Adam Rich, the child star of Eight Is Enough, has died at the age of 54

Adam Rich, the child star of Eight Is Enough, has died at the age of 54

Adam Rich, the child star of Eight Is Enough, has died at the age of 54

Adam Rich, the pageboy child actor who charmed television audiences as “America’s little brother” on “Eight is Enough,” has died. his publicist wrote in a statement Sunday. He was 54 years old.

Rich died Saturday at his home in the Brentwood neighborhood of Los Angeles, said Lieutenant Aimee Earl of the Los Angeles County Coroner’s Office. The cause of death was investigated but not considered suspicious.

Rich had a limited acting career after playing Nicholas Bradford, the youngest of eight children, at the age of 8, in the hit ABC drama which ran from 1977 to 1981.

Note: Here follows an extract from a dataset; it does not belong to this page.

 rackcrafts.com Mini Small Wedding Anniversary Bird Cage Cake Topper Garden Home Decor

He had several run-ins with the police related to drugs and alcohol – and sought treatment at the Betty Ford Center in Rancho Mirage.

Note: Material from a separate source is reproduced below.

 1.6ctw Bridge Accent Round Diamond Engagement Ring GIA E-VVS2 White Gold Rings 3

Rich suffered from a type of depression that eluded treatment and was trying to erase the stigma of talking about mental illness, publicist Danny Deraney said. For years he tried experimental drugs without success.

Obi Adam Rich
Adam Rich, a former child actor who starred in the 1970s TV show “Eight is Enough,” leaves the sheriff’s office after posting bail in the City of Industry, California, December 18, 2002.

Jean-Marc Bouju/AP


Deraney said he and others close to Rich had been concerned in recent weeks when they were unable to contact him.

“He was just a very kind, generous, loving soul,” Deraney said in a statement. “Being a famous actor wasn’t necessarily what he wanted to be. … He had no ego, not an ounce.”

Deraney also shared memories of Rich on Twitter, writing: “Adam and I were talking about baseball on the phone. We both loved the Yankees, but he loved the Dodgers a little more… Something you didn’t know… He was in New York in December 1980 and I met John Lennon the day he died.”

Rich discussed his mental health on Twitter and noted in October that he had been sober for seven years. He said he wasn’t perfect – referring to arrests, multiple stays in rehab, several overdoses and “countless detoxes (and) relapses” – and urged his nearly 19,000 followers to never give up.

“Human beings were not made to endure mental illness,” Rich tweeted in September. “The very fact that some people think they are weak or lack willpower is totally ridiculous…because it is the complete opposite! It takes a very, very strong person… a warrior, if you will… to fight diseases like this.”

Rich posted a photo of himself in his heyday with former child star Mickey Rooney.

“Everyone was telling me, ‘You’re the modern day Mickey Rooney,'” he tweeted. “But when Mickey Rooney told me himself, it meant so much more to me!”

Almost 27 years ago, Rich was involved in a hoax that Might magazine published about an actor who was killed in a Los Angeles nightclub robbery in 1996. An article in an obscure magazine was intended to be a satire on America’s obsession with celebrities, but backfired when the forgery was exposed.

“I think we were a bit too subtle. People didn’t get the joke,” Rich later told the Chicago Tribune. “I don’t want to be dead.”

Rich was the younger brother of a generation of television viewers as the son of a newspaper columnist played by Dick Van Patten, who is left to raise eight children alone after his wife on the show – and the actress who played her – died during the filming of the first season.

According to IMDB.com, Rich starred in the TV series “Code Red” from 1981-82 and voiced the character Presto the Magician on “Dungeons & Dragons” from 1983-85. He reprized his most famous role in the two TV movies “Eight is Enough”.

But the balance in his acting career came down to one-episode appearances on some of the most popular TV shows of the time: “The Love Boat”, “The Six Million Dollar Man”, “Silver Spoons” and “Baywatch”. His most recent credit on IMDB was playing Crocodile Dundee on Reel Comedy in 2003.